WORK ITEM
Your output should be exactly the lines from the one containing "Santa Paws Dog sweater large" through the last line of the listing, and nothing else. Pictures stay out.

GIVEN DATA
::::

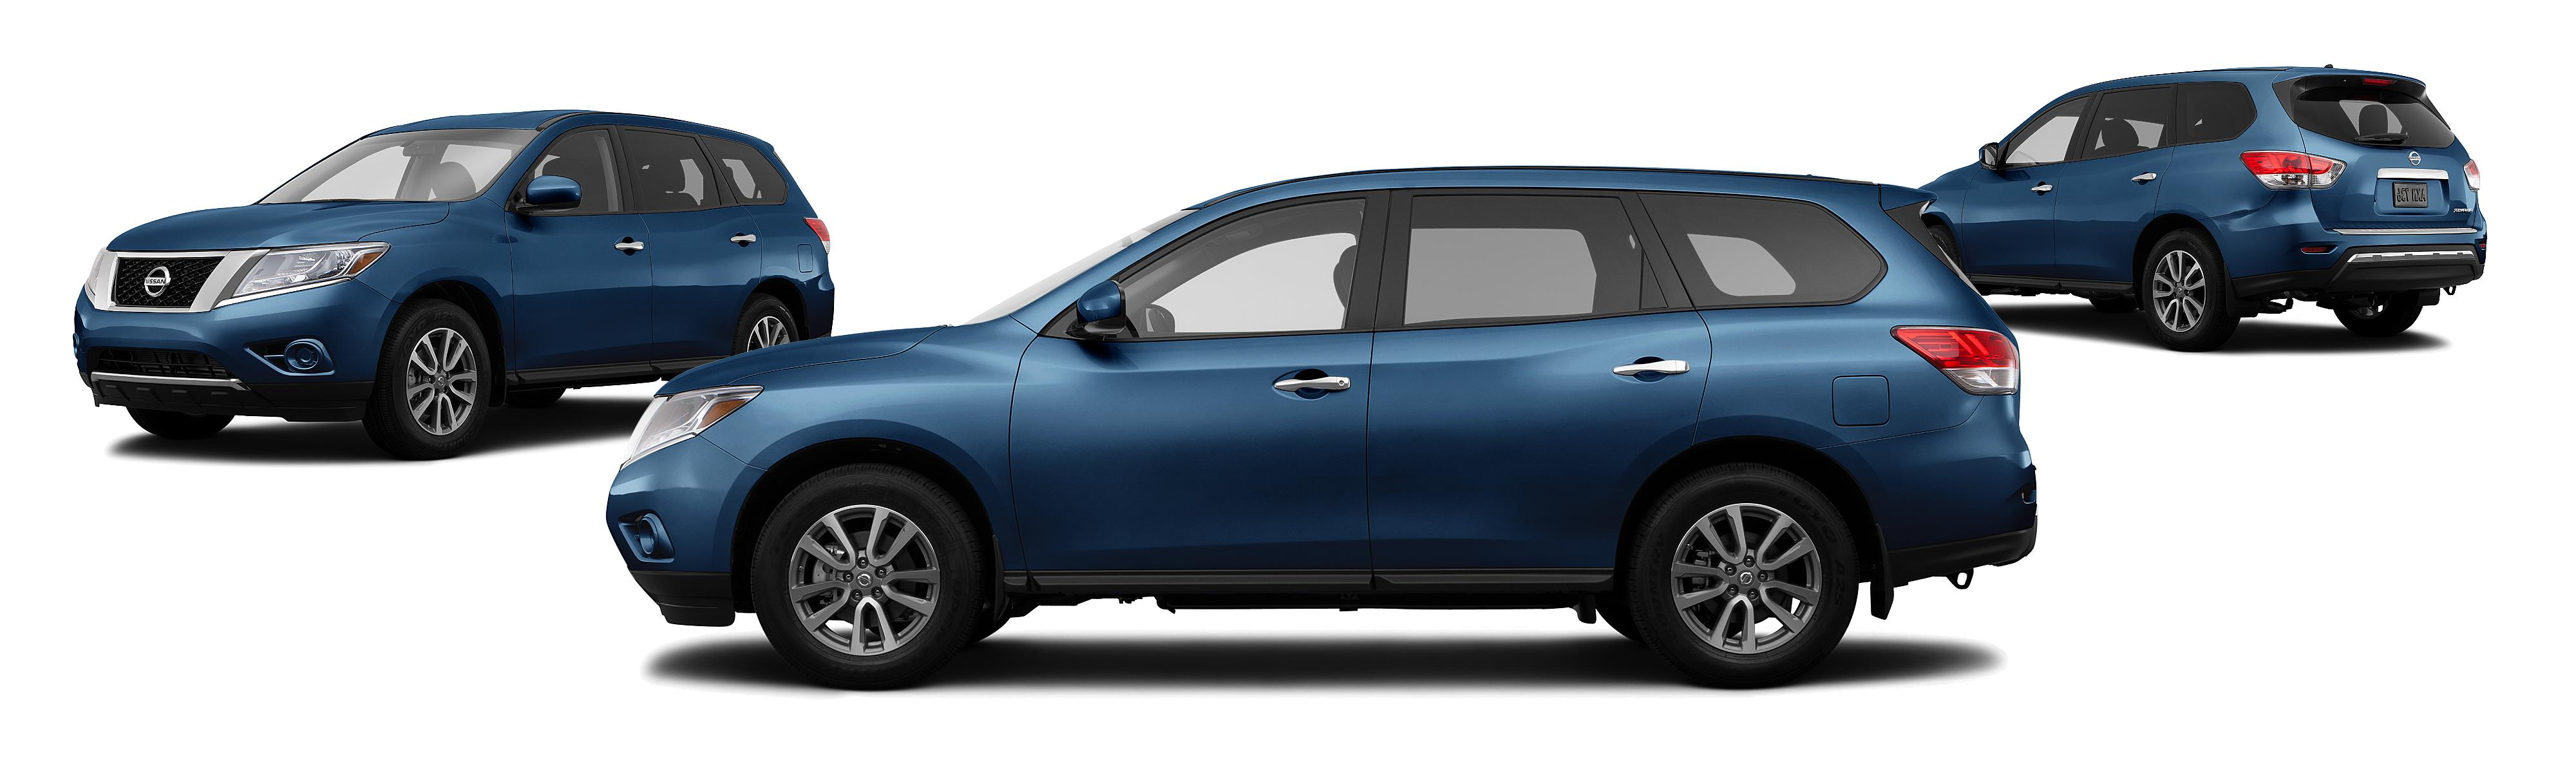 Paul Barnett Nissan 2015 Nissan Pathfinder 4x4 S 4dr Suv Midyear Release Research
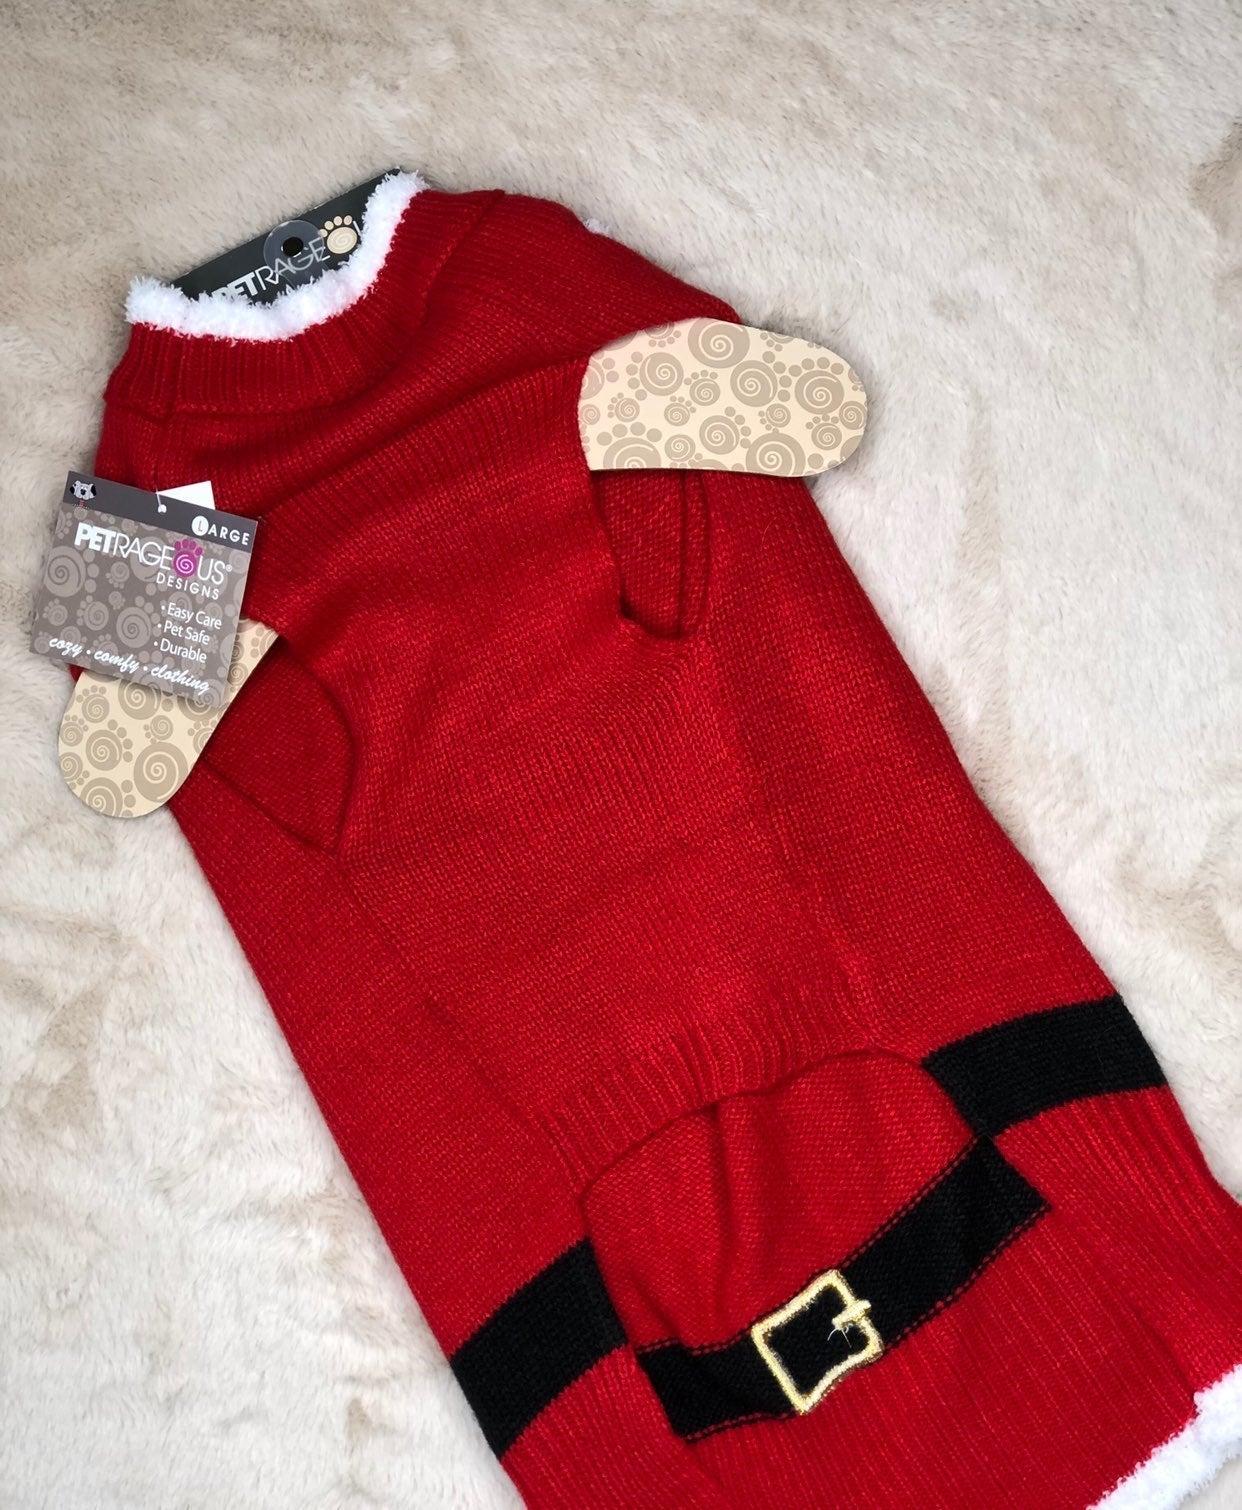 Santa Paws Dog sweater large
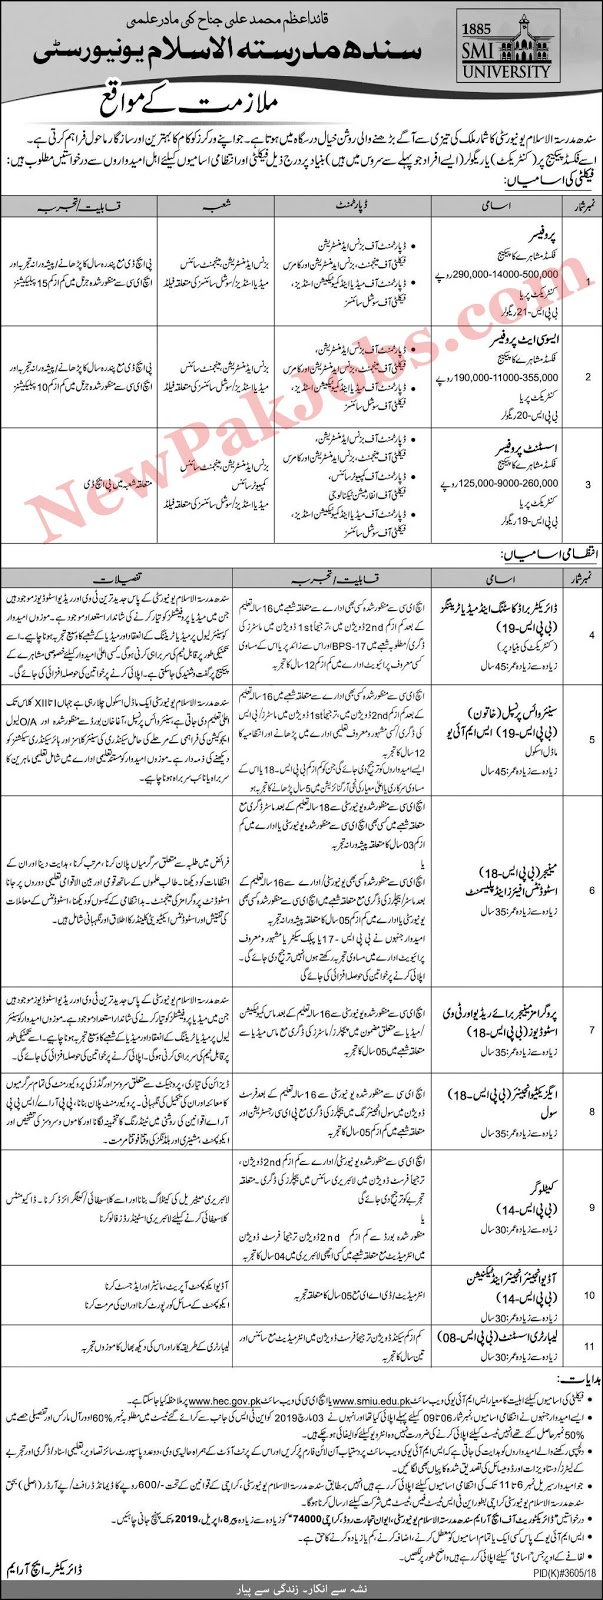 New Jobs In Sindh Madressatul Islam University 24 Mar 2019

::::

RESPONSE BELOW
 Santa Paws Dog sweater large
 New Jobs In Sindh Madressatul Islam University 24 Mar 2019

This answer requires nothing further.